While the present invention is primarily directed to dipole antenna
tab structures, it should be appreciated by those in the art that
some of the techniques may be equally applicable to a single tab 40
arrangement or an arrangement having more than two tabs 40A,
40B.
[0040] The present invention focuses on techniques to manufacture
these wireless communication devices 10. There are several
different aspects to the manufacturing process. The first is
properly positioning the wireless communication chip 30 for later
processing, and is discussed in the chip positioning section below.
The second is the creation of the tabs 40 that form the antenna 60,
addressed in a separate section below. The last is the merging of
the chip 30 with the antenna 60 to form the wireless communication
device 10, discussed in the mounting techniques section below.
Chip Positioning Techniques
[0041] FIG. 2 illustrates an exemplary carrier tape 100 comprising
an adhesive sealing layer 102 and a container layer 104. Container
layer 104 comprises a plurality of containers or pockets 106 having
wireless communication chips 30 disposed therein. Carrier tape 100
may be made from any number of materials and is available from a
number of manufacturers, such as Tek Pak. Details can be found at
www.tekpak.com. Adhesive sealing layer 102 initially seals the
chips 30 within the containers 106, protecting them from
environmental vagaries. Subsequently, when desired, adhesive
sealing layer 102 peels off of container layer 104, leaving the
contents of the containers 106 exposed for further processing.
[0042] There are two specifically contemplated techniques to remove
the chips 30 from the carrier tape 100 for later mounting on the
wireless communication device 10. Other techniques are also
contemplated to enable the roll-to-roll continuous automation
process of the present invention.
[0043] A first technique is illustrated in FIG. 3. Chip positioning
system 110 comprises a waste roller 112, a first roller 114, and a
second roller 116. Carrier tape 100 is fed to rollers 114, 116
simultaneously with an adhesive line 118. Waste roller 112 wraps
adhesive sealing layer 102 therearound, exposing chips 30 within
the containers 106 (FIG. 1). Rollers 114, 116 may be oval shaped
and rotate at a frequency so as to space chips 30 appropriately on
adhesive line 118. The proximity of the roller 114 to roller 116
pushes the chip 30 out of the container 106 and to the sticky
surface of the adhesive line 118. This removes the chip 30 from the
container 106 and allows the adhesive line 118 with the chips 30 to
be passed downstream for further processing.

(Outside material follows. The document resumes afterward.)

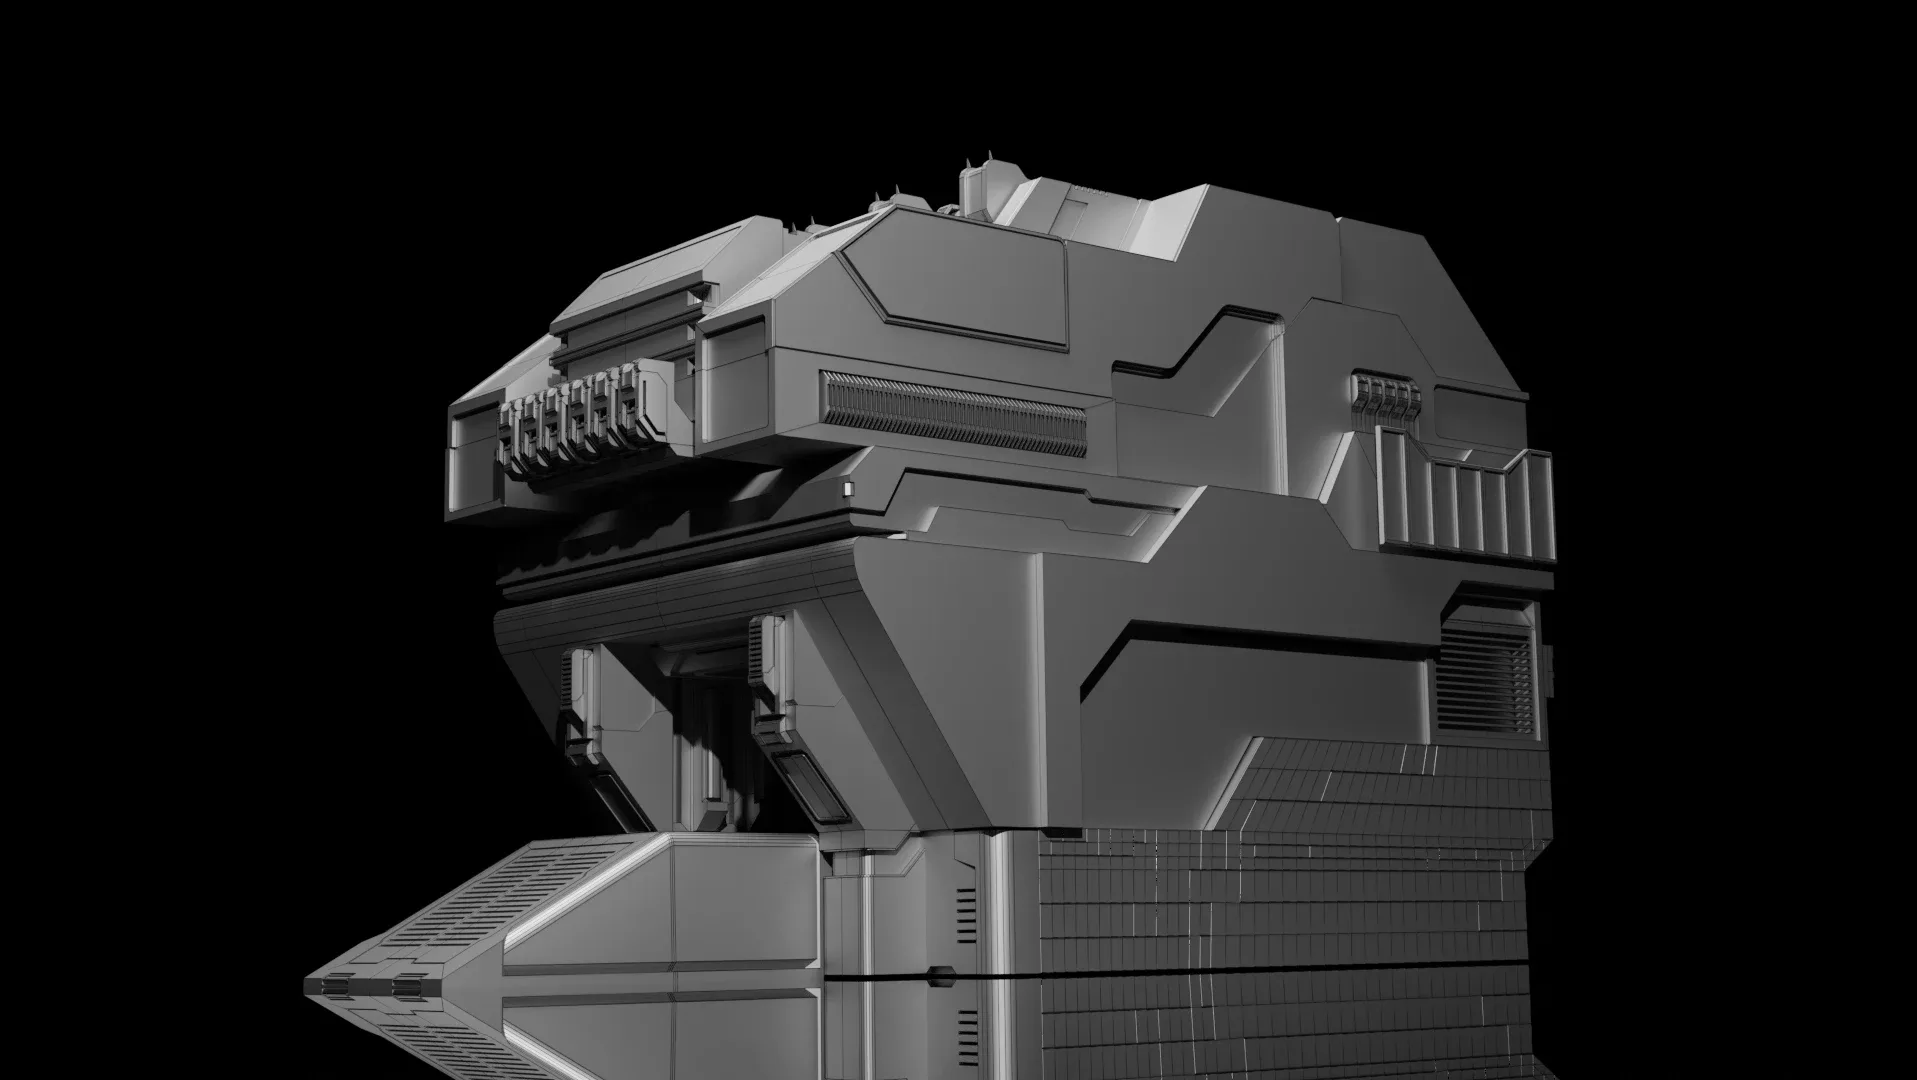 5 SCI-FI BUILDING GAME ASSETS (POLY OPTIMALI)

[0044] A second technique is illustrated in FIGS. 4 and 5. As
illustrated in FIG. 4, chip positioning system 110A comprises a
waste roller 112, a toothed roller 120 having teeth 122 and may
have an optional second roller (not shown) comparable to second
roller 116. Carrier tape 100 is fed to the roller 120 with waste
roller 112 removing the adhesive sealing layer 102 as previously
described. Now with reference to FIG. 5, wherein a more detailed
view of the interface between the teeth 122, the containers 106,
the chips 30, and the adhesive line 118 is illustrated, it can be
seen that a tooth 122 pushes through the floor 105 of the container
106, pushing chip 30 upwardly to contact the adhesive line 118.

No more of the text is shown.